Александр Борисович обратил, естественно, внимание, пригляделся и понял причину Юркиной «созерцательности». И решил подначить его немного, чтобы «сократить» расстояние до пункта назначения: за разговором — известное дело…
— Между прочим, — с легкой ухмылкой заметил он, — Филя передал, в качестве сведения особого значения, что вдовушке Кате эта Вера и в подметки не годится. — И равнодушно отвернулся к боковому стеклу. Но краем глаза подметил, как вздрогнул Гордеев. Значит, попал!
— Какое это имеет отношение?.. — с деланным равнодушием отозвался адвокат.
— Прямое…
— То есть? Не понимаю.
— А ты представь себе на минутку, что тот полковник — молодой и симпатичный. Ну, вот вроде тебя. Не сбеги ты тогда из прокуратуры, точно ходил бы сейчас в «настоящих» полковниках. А то и, как я, в генералах.
— Нет, я серьезно. В чем скрытый смысл твоего тезиса?
Турецкий скрыл ухмылку: «Ишь, как его разобрало! Тезис у него, видишь ли!..».
— А в том, Юрочка, дорогой, что я лично, например, не могу исключить, что Филипп Кузьмич наш, человек несколько иной формации, нежели мы с тобой, дружище, а потому и не разбирающийся путем в психологии, мог нечаянно сместить, так сказать, главные акценты дела. И убийство произошло вовсе не по причине передела собственности, а по совсем другой. Представь! Одна молодая дама — красавица, к тому же далеко не бедная вдовушка — при всяких машинах и особняках. А вторая, ее родственница, — такая же красавица, да еще собственный бизнес! И наш полковник — страстный Ромео, пусть и в возрасте, зато при погонах. Ну, ни о чем не говорит? Ни на что не намекает?
— А на что намекает тебе? — с легким сарказмом поинтересовался Гордеев, по-прежнему мечтательно улыбаясь.

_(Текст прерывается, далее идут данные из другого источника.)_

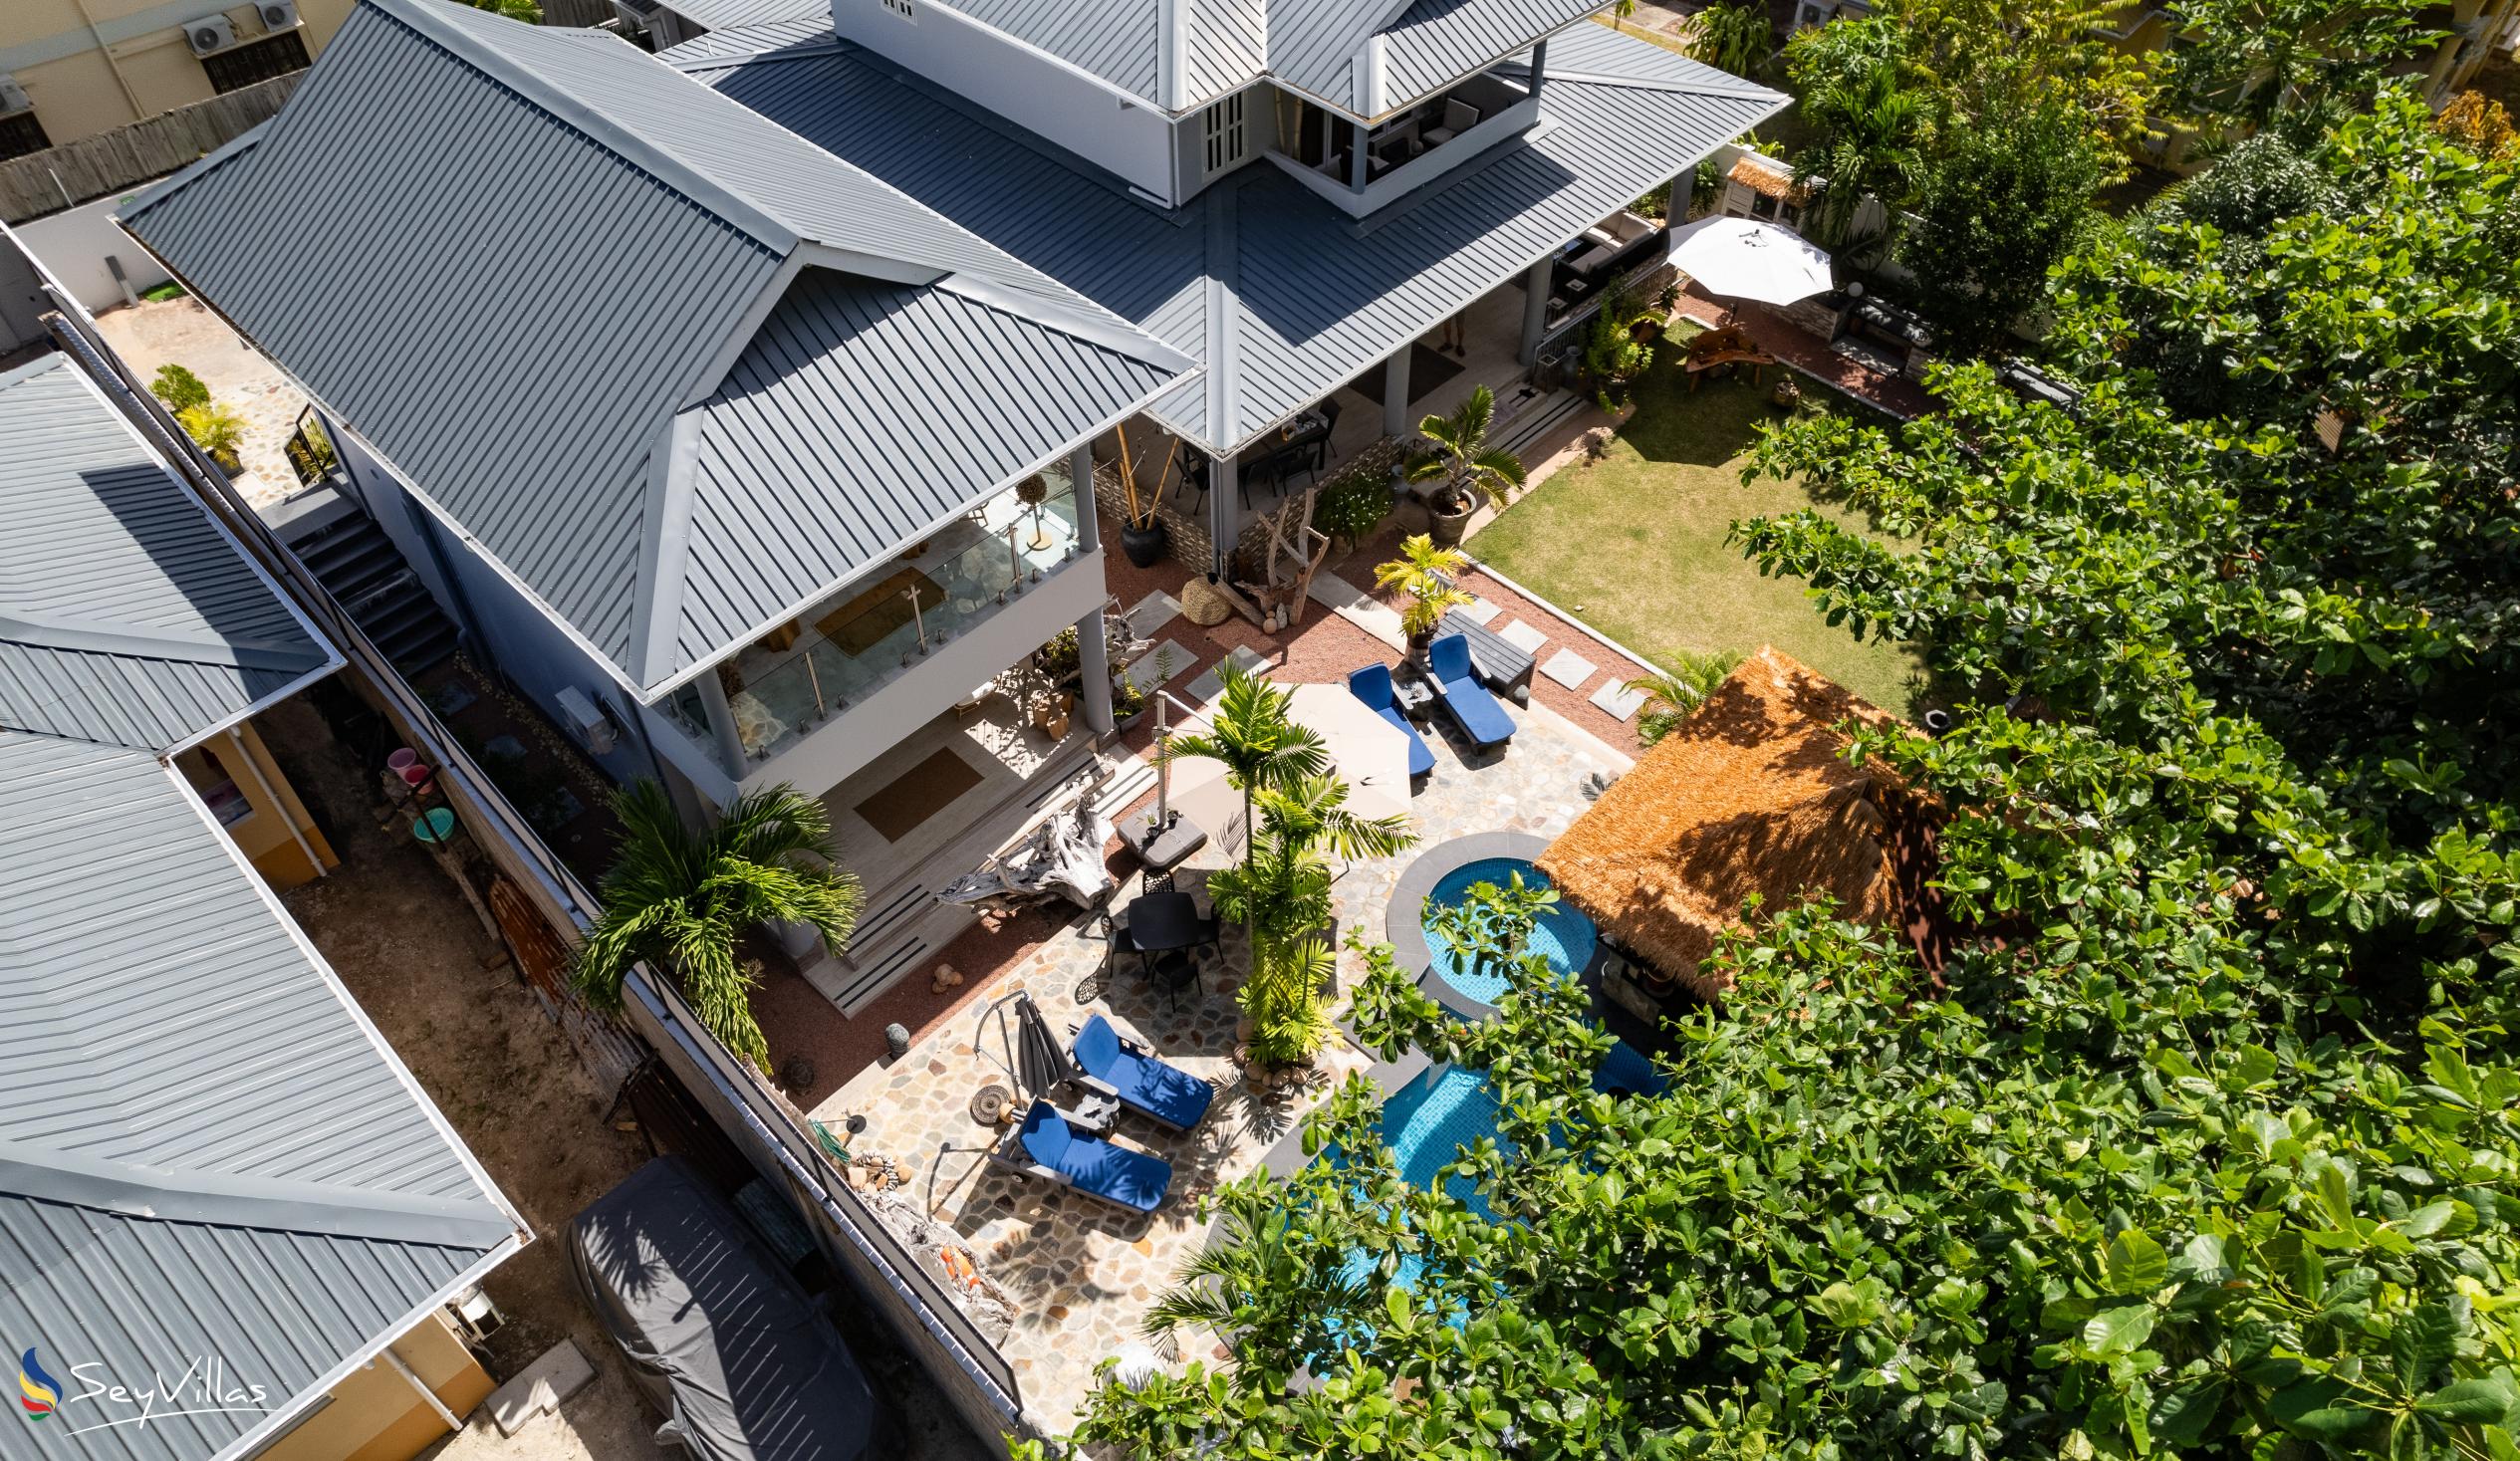 Foto 16: Treasure Villa - Aussenbereich - Praslin (Seychellen)
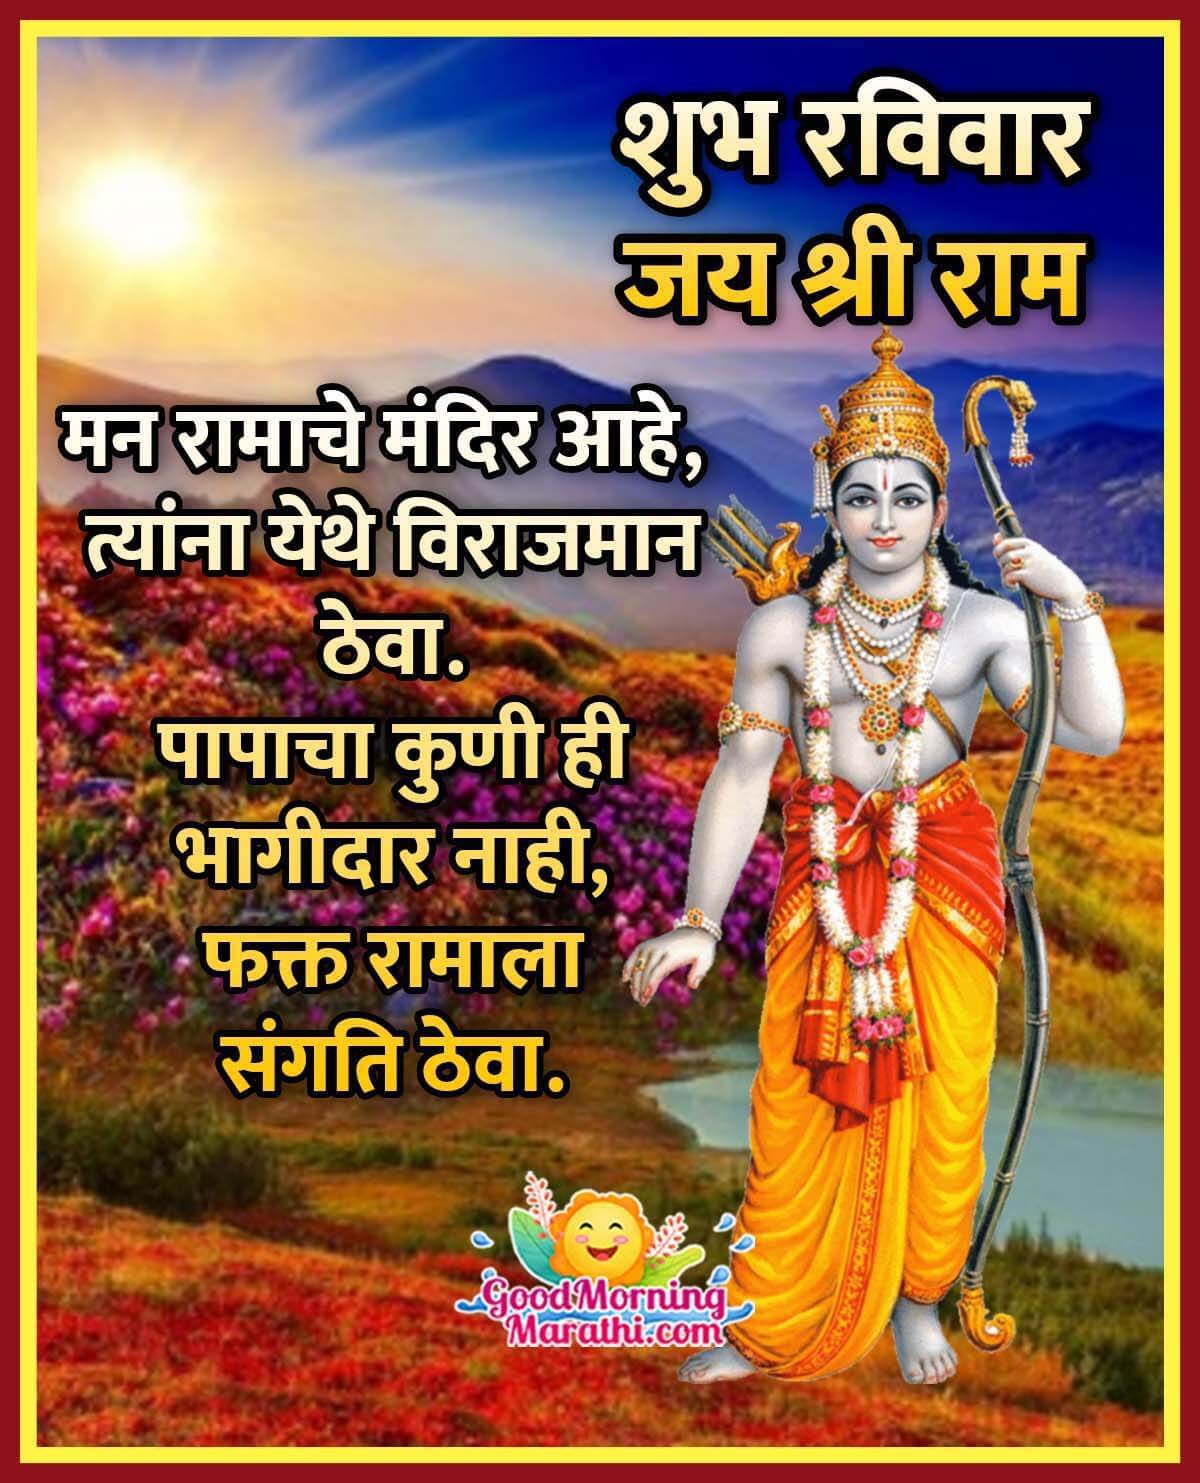 good morning marathi god images

— О том, например, что он убирает препятствия, на своем пути ради овладения одним из прекрасных призов. А может, и двумя, в зависимости от темперамента и сексуальных возможностей. И что же мы с тобой, даже и с помощью Фили, можем противопоставить ему? Разобрать дам — кому кого, потом разберемся, — ну, и лишить его приза, а? А когда полезет?.. Что ж, ты боксом занимался, призы имел, опять же, и я, говорят, не самый худший самбист. Еще и хорошо стрелять умею, попадаю. Отобьемся? Как считаешь?
— Я считаю до трех. Отвяжись со своими глупостями… А Верочка — хороша, ничего не скажешь. Но о твоей версии, я полагаю, тоже стоит подумать. Вот вы с Филиппом и займитесь. У вас получится… — И после короткой паузы продолжил: — Не понимаю, зачем Филиппу надо было лезть на рожон. Ты, что ли, посоветовал?